И тогда австралийские родственники нашли какого-то Женю, который летел из Мельбурна… в Новосибирск и передали с ним новый наряд, еще лучше прежнего. Женя прилетел в Новосибирск. И оттуда из рук в руки стали передавать Иркино платье, сначала в Иркутск, потому что туда летели знакомые новосибирского Жени, а знакомые этих иркутских знакомых новосибирского Жени должны были лететь потом в Воркуту, откуда была возможность передать платье в Горький, сейчас это Нижний Новгород. И уже оттуда университетский профессор Воронцов, который сам-то летел налегке, вез только научную работу, практически прорыв в лингвистике, по просьбе друзей вынужден был тащить саквояж с кринолином, туфельками, фатой и диадемой в Москву. И ведь ему строго-настрого приказали: там платье, не сказали какое, – смотрите не потеряйте, а то одно уже потерялось. И профессор Воронцов взял платье с собой в салон самолета как ручную кладь. И его спросили, а в саквояже у вас что, и профессор ответил без запинки:

– Научная работа «Развитие активной компроментантности в условиях адиабатической консенквентости германской группы языков начала тридцатых годов четырнадцатого века нашей эры». И глаза его загорелись, мол, а? Ну как?! Но аэропортовского контролера консенквентностью не возьмешь, и он переспросил:

– А еще что?

– А, – отмахнулся профессор ручкой, – барахло какое-то.

– Ваше? – с удивлением поинтересовался офицер.

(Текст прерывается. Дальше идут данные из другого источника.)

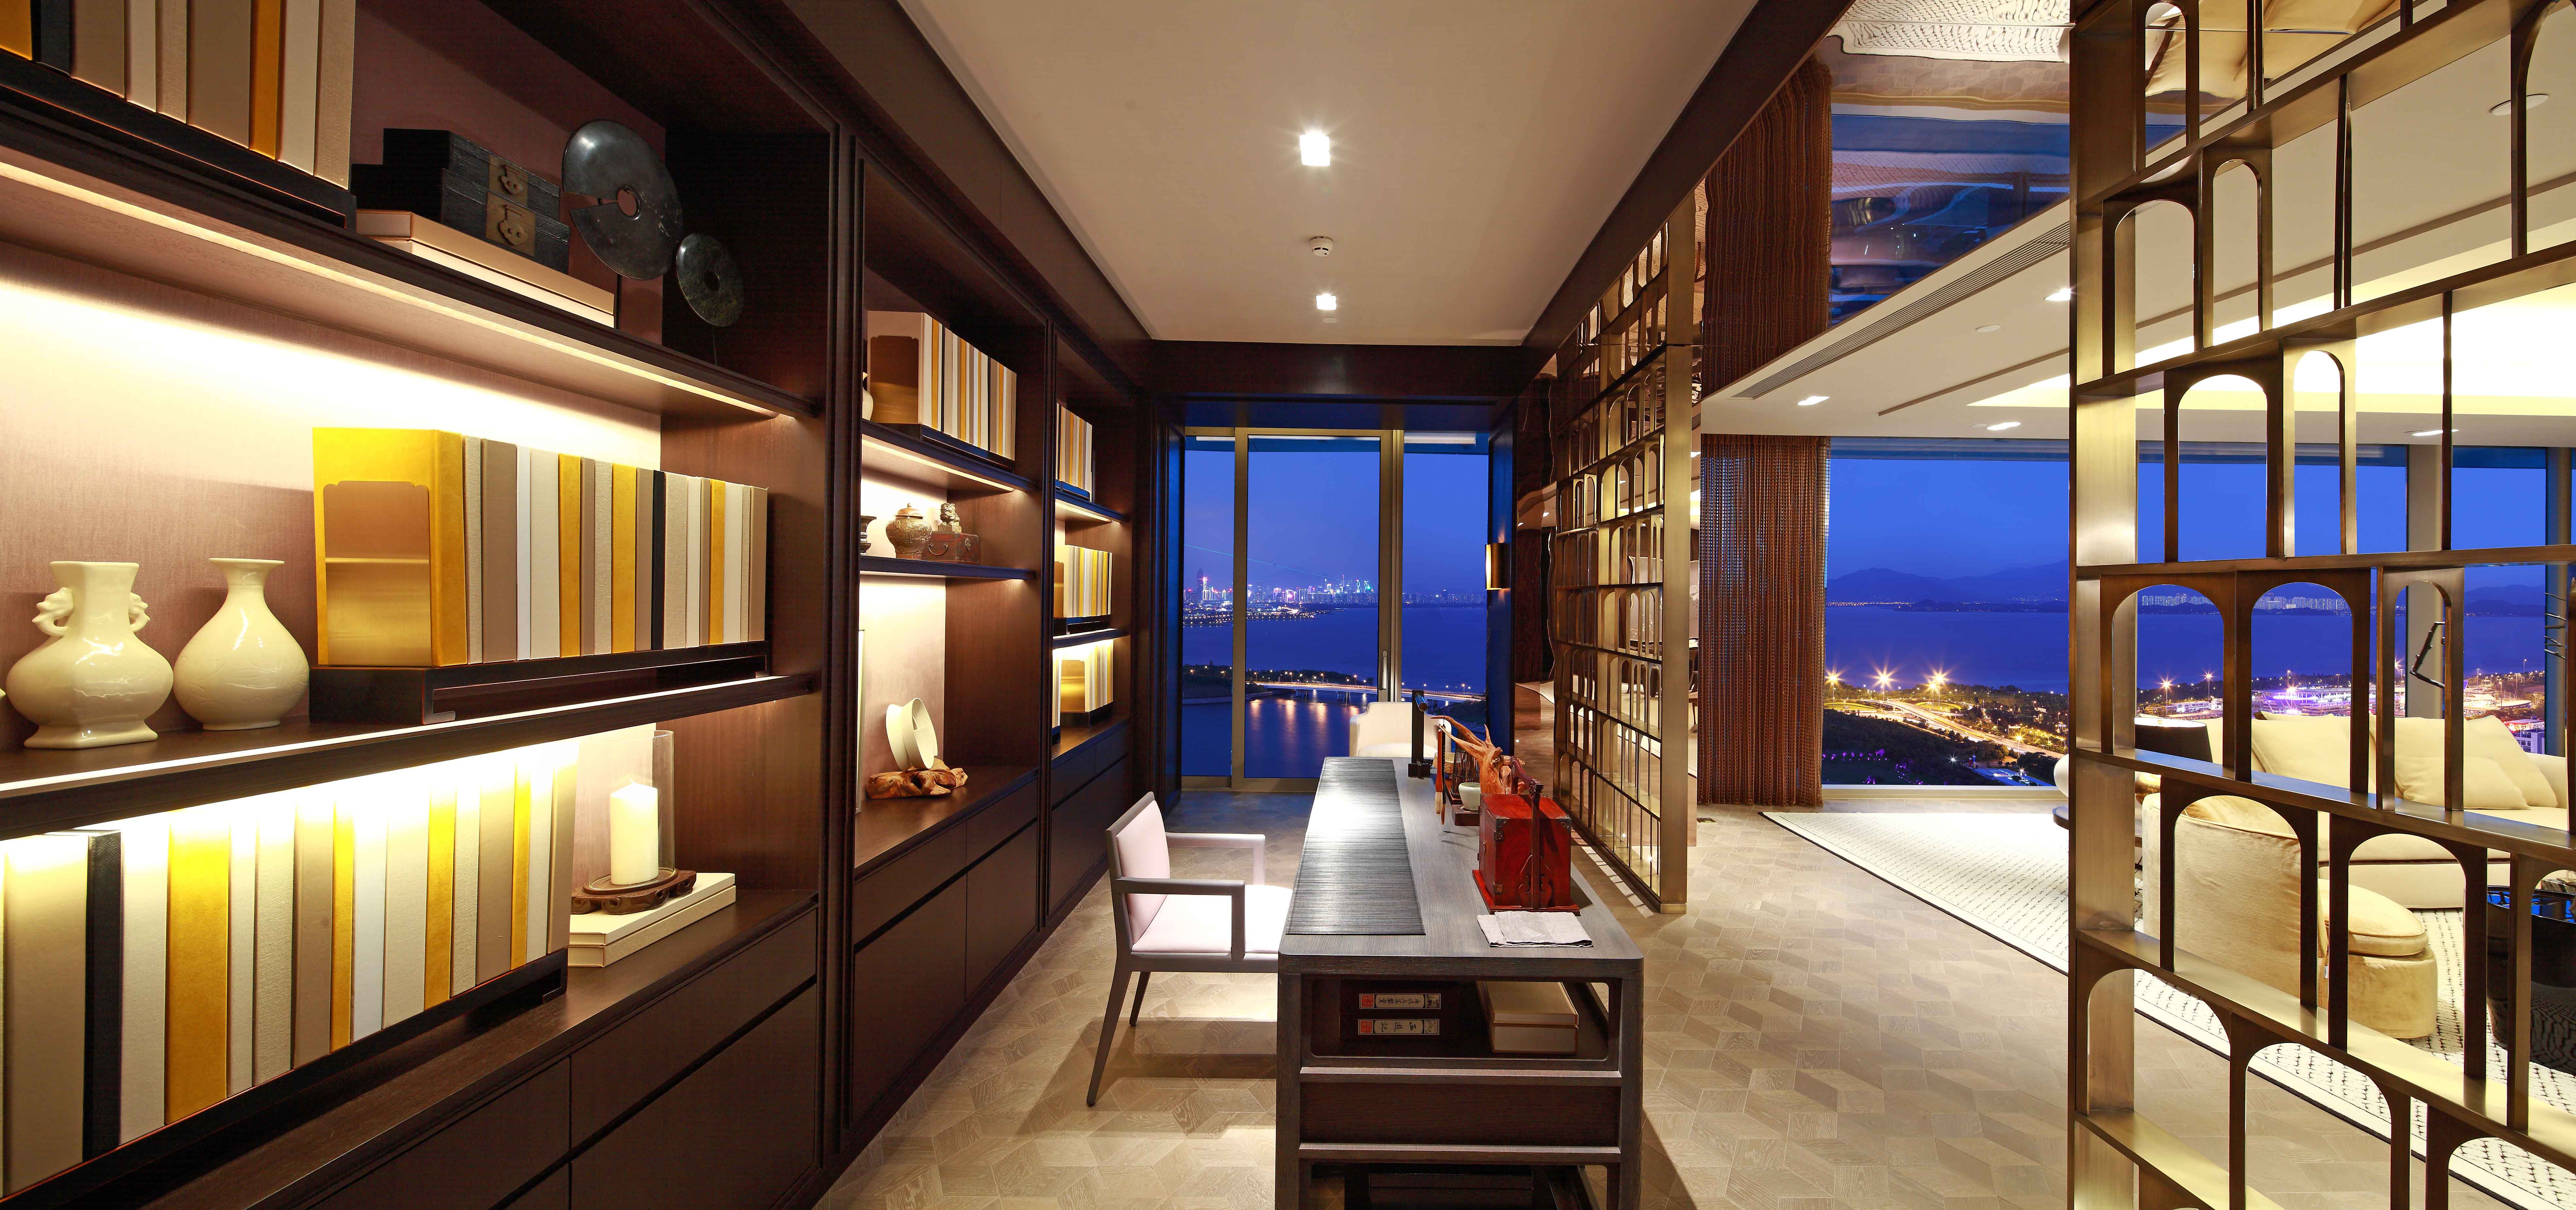 中国のホテルモダンウォーキングワードローブデザイン木製ドア家具セット
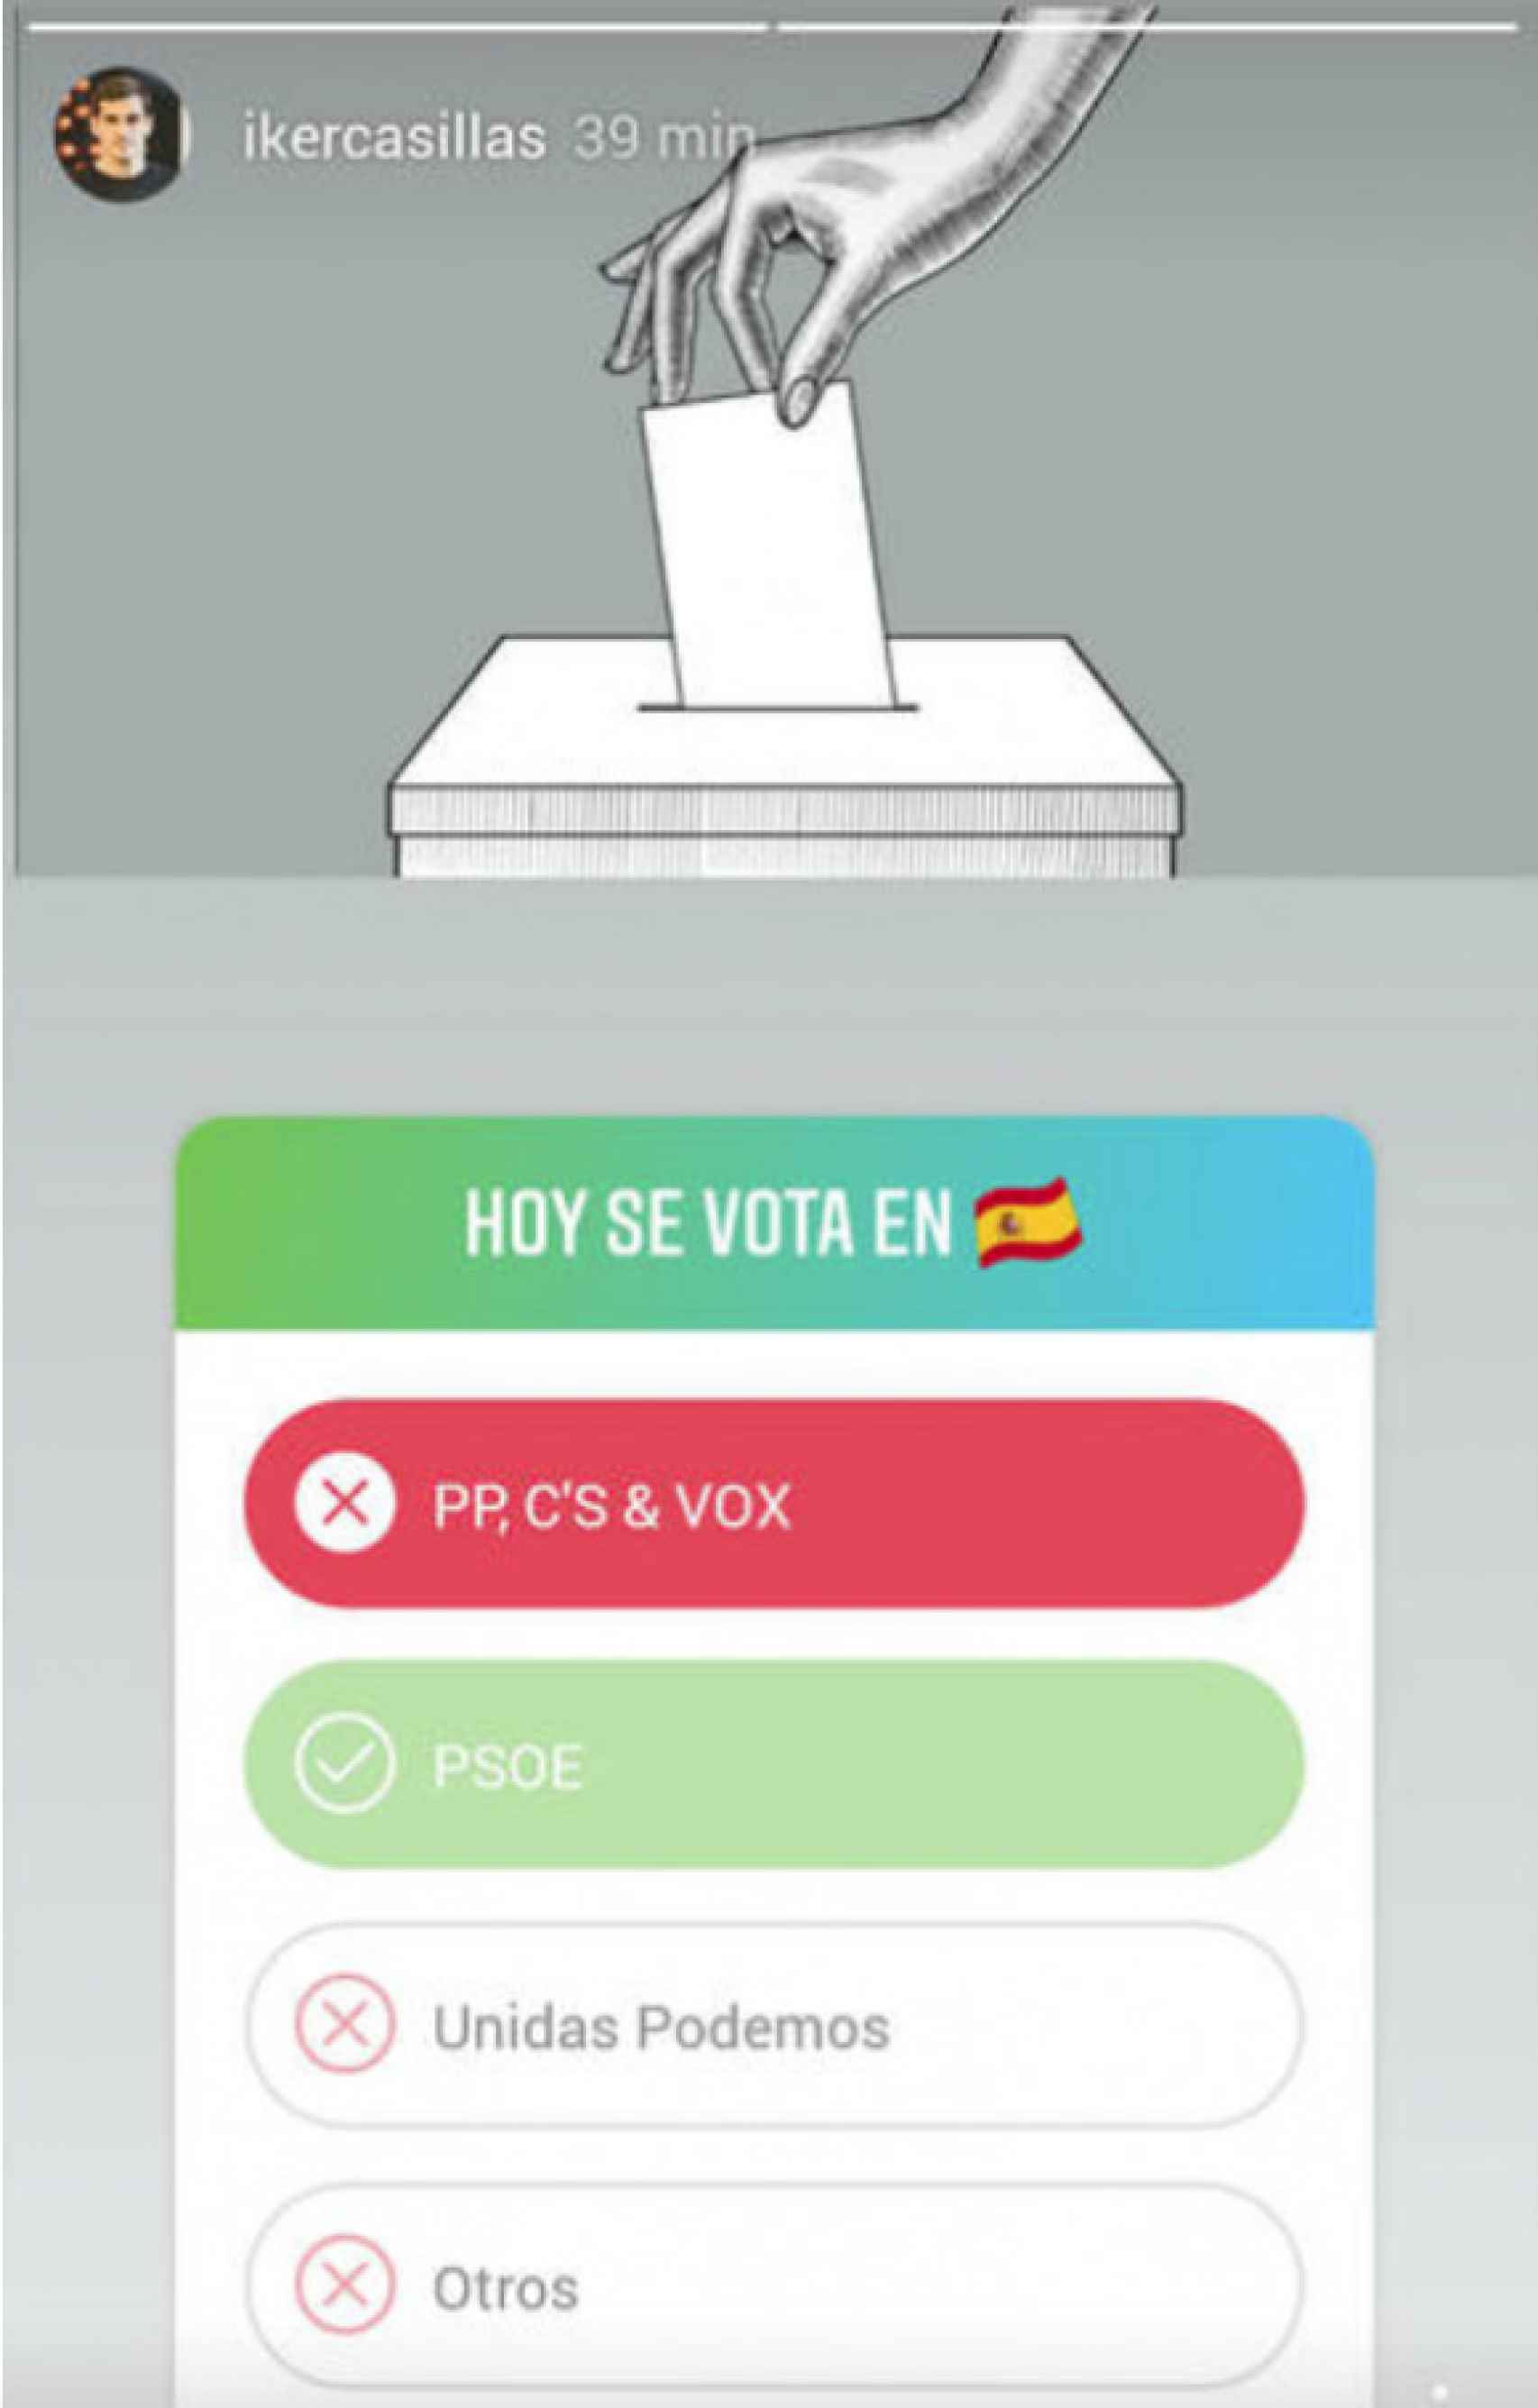 La pifia de Casillas que puede revelar su voto en las elecciones generales

– Нет, зачем мне, – замотал профессор головой. – Не мое, конечно.

Словом, они открыли саквояж и ахнули, набежало помощниц – проверять тщательно свадебный наряд в саквояже, разворачивали, с уважением кокетливо поглядывали на профессора Воронцова. Профессор смущался, мол, это не мне, не я. Короче, оно благополучно прилетело в Москву. Ну из Москвы искали оказию несколько дней – саквояж переезжал из отеля в квартиру, из квартиры опять в аэропорт, но уже другой. И наконец его передали самолетом в Одессу.

Короче, Иркино свадебное платье, как пушистое легкое облако, плыло через материки, страны и города. И приплыло наконец куда надо за день до Ирочкиной свадьбы.

Но! Надо знать Мишу, родственника Мишу из Мельбурна, который оплачивал те самые два платья. Он сказал: ага! Так! Ну-ну.

И насчет того, первого, стал судиться с Почтой всего СССР. Он нанял адвокатов, стоимость гонораров которых превышала цену свадебного Иркиного наряда в несколько раз, но просто надо было знать Мишу. Его «ну-ну» – это иногда похлеще, чем автомат Калашникова. Адвокаты, мобильные энергичные парни, проследили каждый шаг, который сделало первое Иркино свадебное платье. И последний пункт прибытия посылки оказался… город Одесса. Адвокатам торжественно вынесли на почте явно свежезаклеенную, проштампованную посылку. Ее тут же вскрыли в присутствии всех, кого можно было только собрать. В ящике лежало мокрое (для веса) грязное платье, которое, по-видимому, пару лет успешно сдавали в прокат. Ни туфель, ни фаты, ни украшений, ни перчаток в коробке не было.